Posted Aug 16, 2007 16:45 UTC (Thu) by Los__D (guest, #15263) [Link]

More brittle? In which way? I don't see any reason that it should be less robust from using Java. Just a little bit slower and bigger. Hardly matters for a desktop application.

Harder to try out? If anything, it's easier.

What less demanding language? Only language that is a bit less demanding is C#, but then this thread would be 10 times longer with people bitching about the programmer's language choice, instead of thanking him/her for an apparently good piece of software.

Kiss of Death

Posted Aug 16, 2007 18:48 UTC (Thu) by ncm (subscriber, #165) [Link]

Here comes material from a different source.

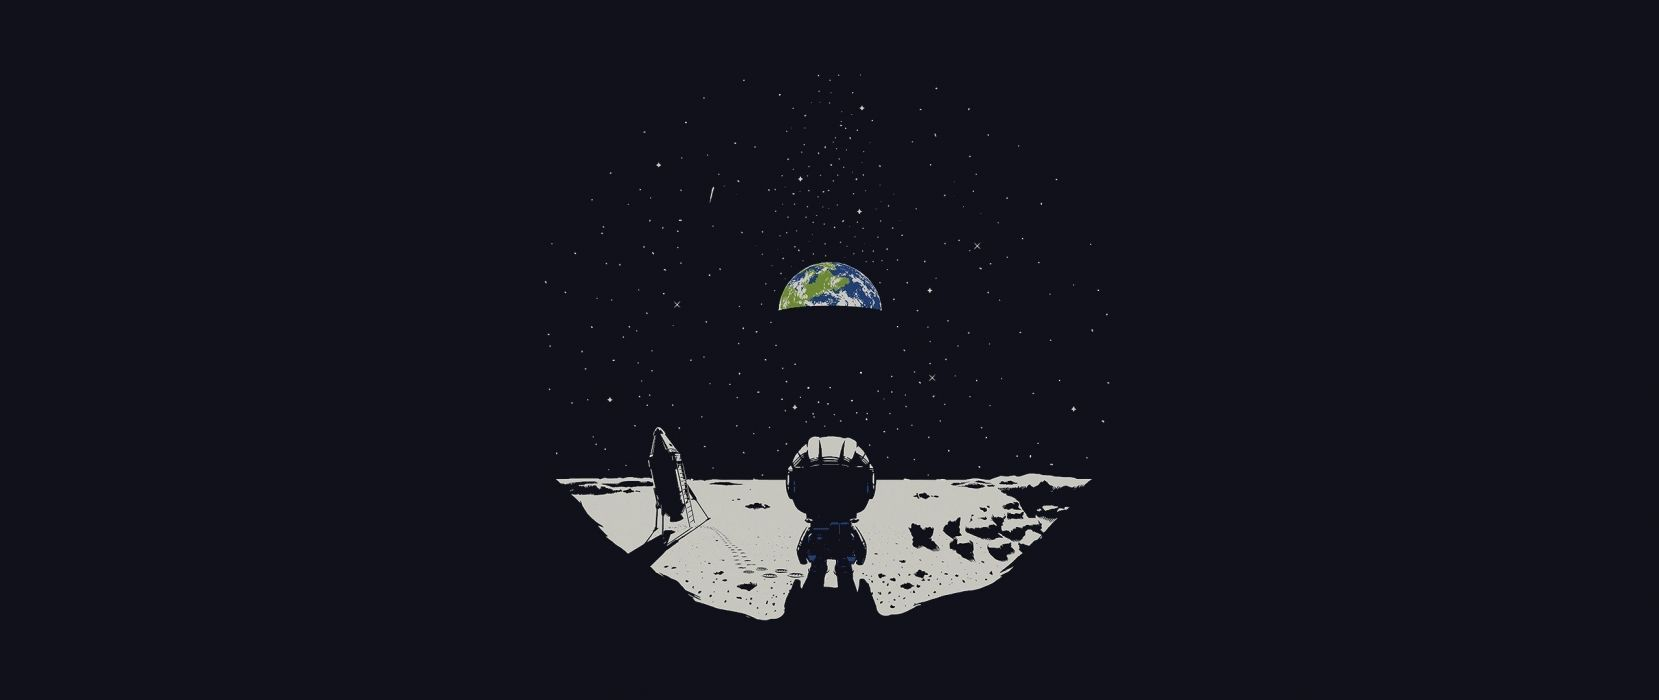 Earth Ultra Wide Moon Kerbal Space Program Wallpaper

C is less demanding: it only depends on libc. C++ is less demanding; it depends on libc and libstdc++.

There's are good reasons why so few successful user-level programs are in Java.

Kiss of Death

Posted Aug 16, 2007 18:58 UTC (Thu) by Los__D (guest, #15263) [Link]

Ah my bad, I thought you meant of the developer.

So few?

Kiss of Death

Posted Aug 17, 2007 5:52 UTC (Fri) by jordanb (guest, #45668) [Link]

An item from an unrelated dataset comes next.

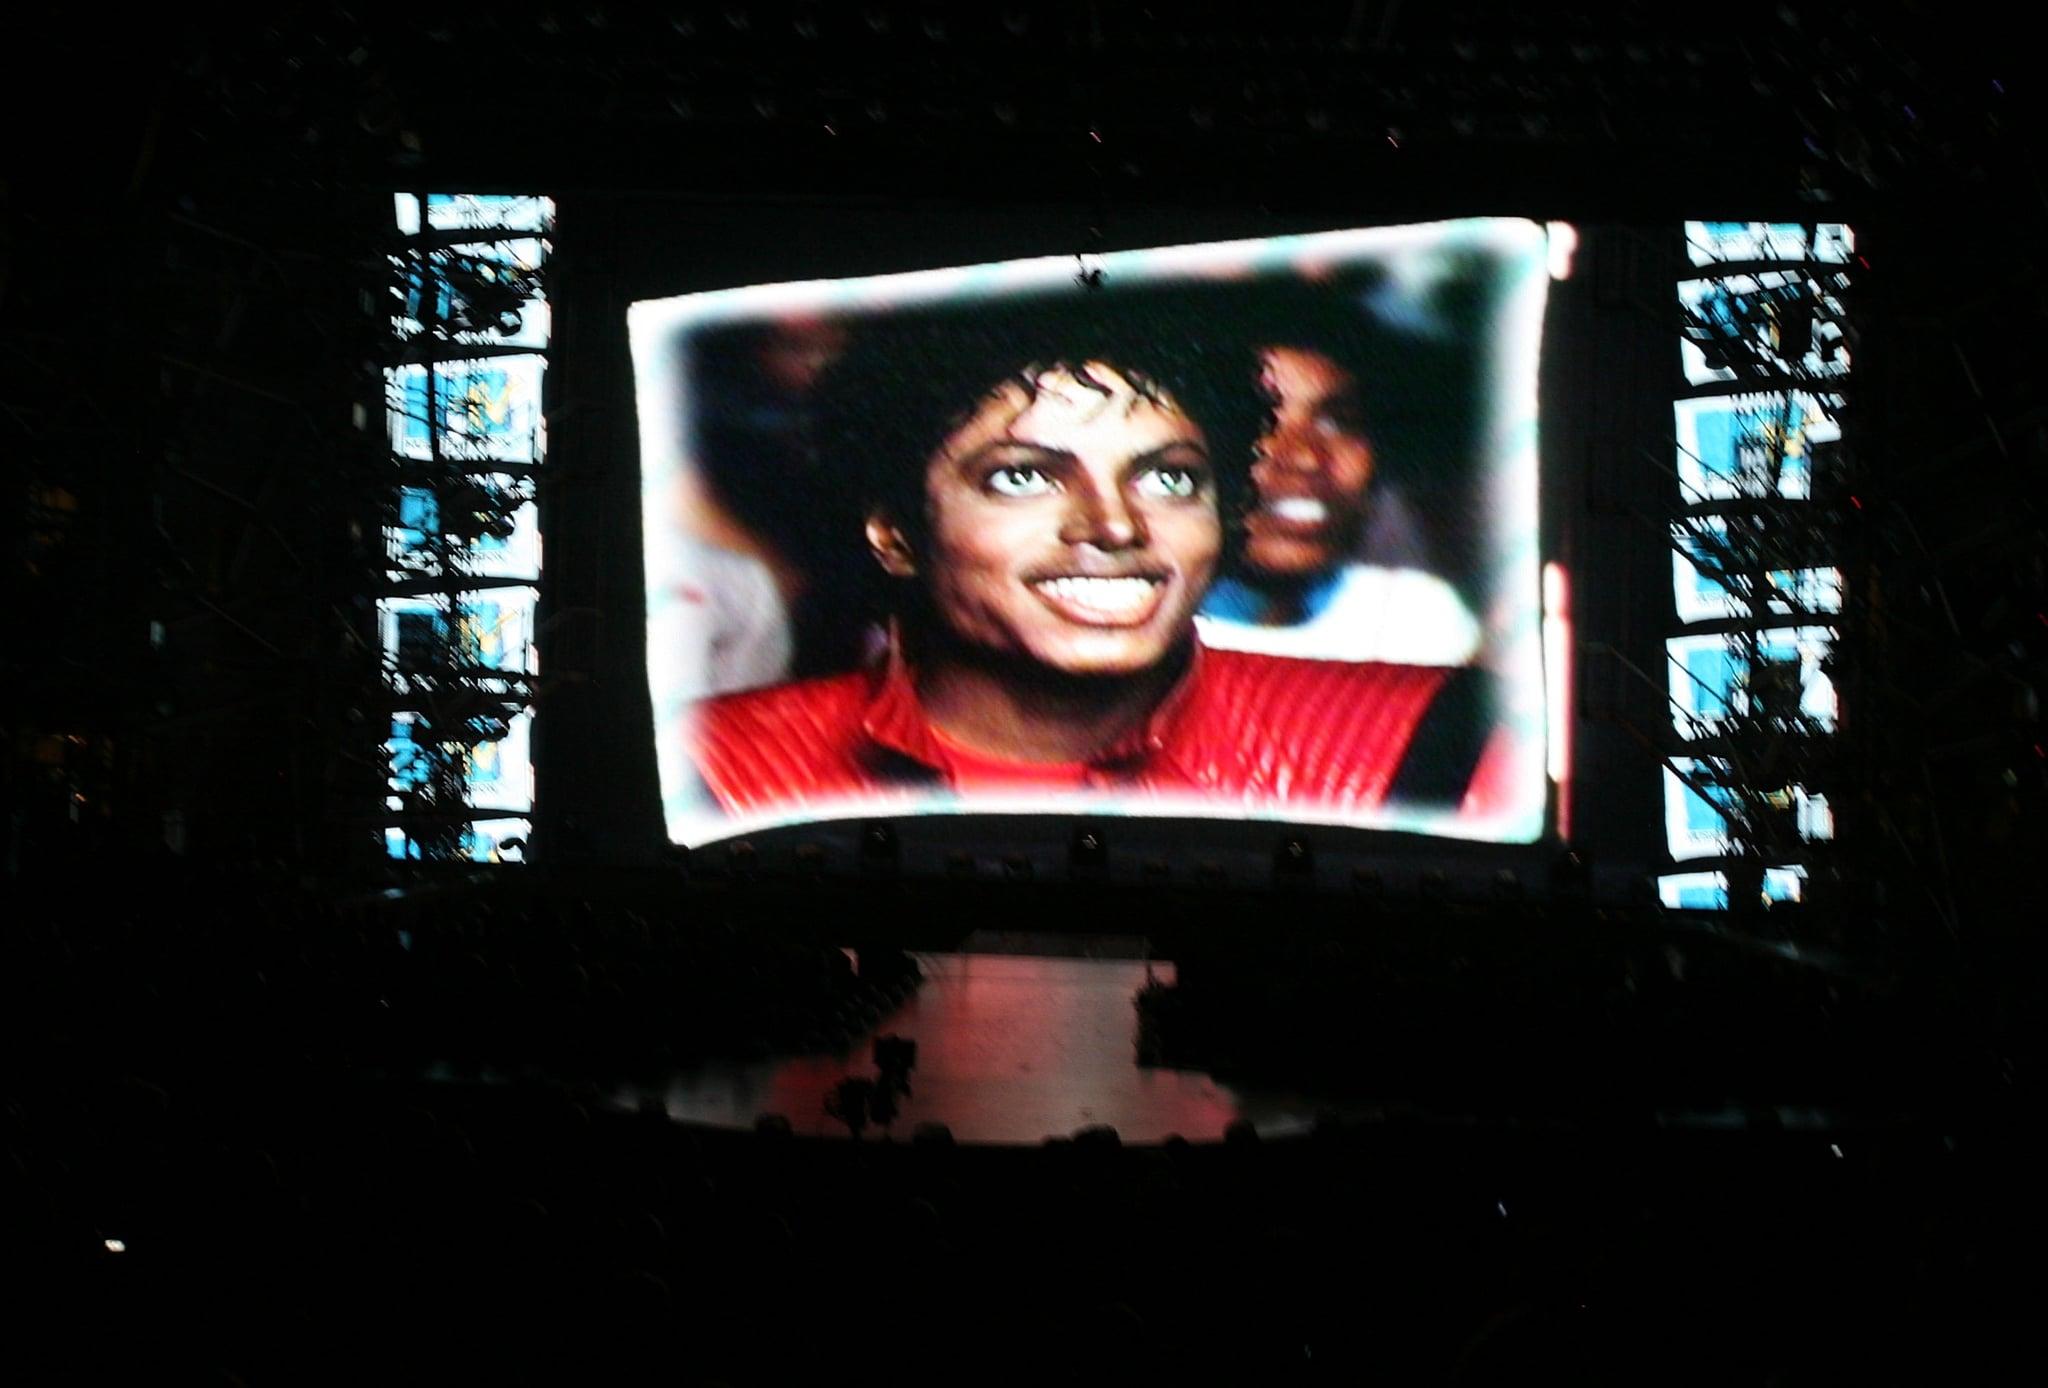 Photos of The 2009 MTV VMA Show

To be fair, compare this program's dependency list to that of GNU Cash.

Kiss of Death

Posted Aug 16, 2007 23:33 UTC (Thu) by dw (subscriber, #12017) [Link]

Demanding by your standard here seems to be a measure of OS integration or ease of packaging. After using OS X for a year I can happily report that there were certain apps I didn't even realize were written in Java.

OS X also has single-click access to jar files, with very little noticeable startup performance hit.

This makes me think your problem is with contemporary Linux rather than Java. :)

Kiss of Death

Posted Aug 17, 2007 5:56 UTC (Fri) by jordanb (guest, #45668) [Link]

> OS X also has single-click access to jar files, with very little noticeable > startup performance hit.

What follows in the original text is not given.